Today, U.S. Secretary of Commerce Wilbur Ross announced the initiation of new antidumping duty (AD) and countervailing duty (CVD) investigations to determine whether imports of stainless steel flanges from China and India are being dumped in the United States, and whether producers in China and India are receiving alleged unfair subsidies.

“The Department will act swiftly, while assuring a full and fair assessment of the facts, to ensure that everyone trades on a level playing field,” said Secretary Ross. “The Trump administration will defend American workers and businesses with every tool at our disposal.”

These AD and CVD investigations were initiated based on petitions filed by the Coalition of American Flange Producers and its individual members: Core Pipe Products, Inc. (Carol Stream, Ill.) and Maass Flange Corporation (Houston, Texas) on August 16. The estimated dumping margins alleged by the petitioners range from 99.23 to 257.11 percent and 78.49 percent to 145.25 percent for China and India, respectively. The unfair subsidies alleged by the petitioners are estimated to be above de minimis.

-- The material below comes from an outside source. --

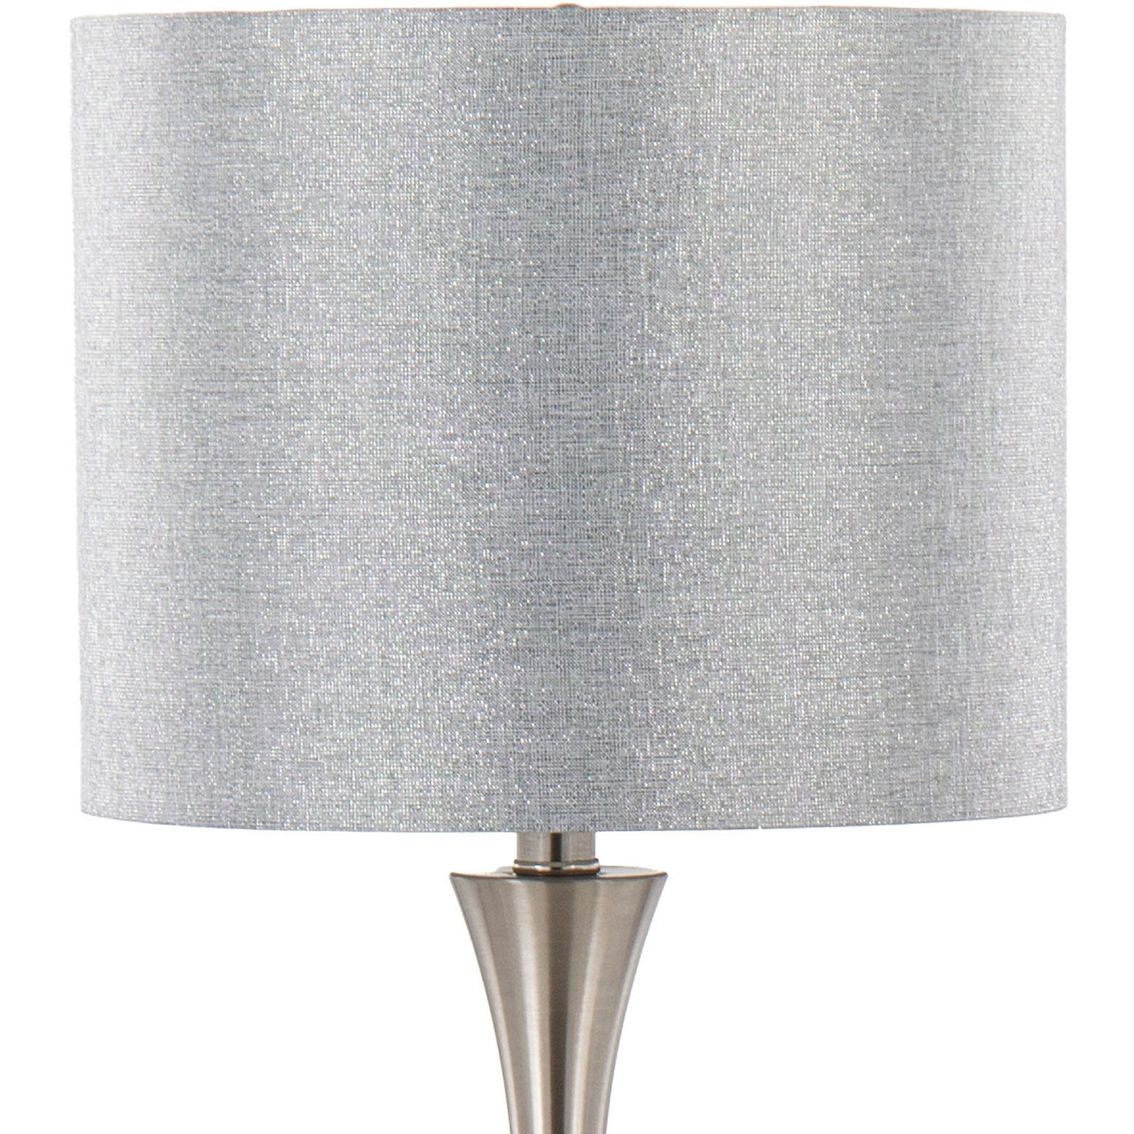 LumiSource Lenuxe 24.25 in. Metal Table Lamp 2 pk. - Image 5 of 9

In the AD investigation, the Commerce Department will determine whether imports of stainless steel flanges from China and India are being dumped in the U.S. market at less than fair value.

In the CVD investigations, the Commerce Department will determine whether Chinese and Indian producers of stainless steel flanges are receiving unfair government subsidies.

If the Commerce Department determines that stainless steel flanges from China and India are being dumped into the U.S. market and/or receiving unfair government subsidies, and if the U.S. International Trade Commission (ITC) determines that dumped and/or unfairly subsidized U.S. imports of stainless steel flanges from China and India are causing injury to the U.S. industry, the Commerce Department will impose duties on those imports in the amount of dumping and/or unfair subsidization found to exist.

In 2016, imports of stainless steel flanges from China and India were valued at an estimated $16.3 million and $32.1 million, respectively.

Click HERE for a fact sheet on these initiations.

Next Steps:

During the Commerce Department’s investigations into whether stainless steel flanges are being dumped and/or unfairly subsidized, the ITC will conduct its own investigations into whether the U.S. industry and its workforce are being harmed by such imports. The ITC will make its preliminary determinations on or before October 2. If the ITC preliminarily determines that there is injury or threat of injury, then the Commerce Department investigations will continue, with a preliminary CVD determination scheduled for November 2017, and a preliminary AD determination scheduled for January 2018, unless these deadlines are extended.

If the Commerce Department preliminarily determines that dumping or unfair subsidization is occurring, then it will instruct U.S. Customs and Border Protection to start collecting cash deposits from all U.S. companies importing the subject stainless steel flanges from China and India.

Final determinations by the Commerce Department in these cases are scheduled for January 2018 for the CVD investigations, and April 2018 for the AD investigations, but those dates may be extended. If the Commerce Department finds that products are not being dumped or unfairly subsidized, or the ITC finds in its final determinations there is no harm to the U.S. industry, then the investigations will be terminated and no duties will be collected.

From January 20, 2017, through September 6, 2017, Commerce has initiated 62 antidumping and countervailing duty investigations – a 41 percent increase over the previous year. For this same period in 2016, Commerce initiated 44 AD and CVD investigations. Commerce currently maintains 407 antidumping and countervailing duty orders which provide relief to American companies and industries impacted by unfair trade.

Foreign companies that price their products in the U.S. market below the cost of production or below prices in their home markets are subject to “antidumping duties.” Companies that receive unfair subsidies from their governments, such as grants, loans, equity infusions, tax breaks and production inputs, are subject to “countervailing duties” aimed at directly countering those subsidies.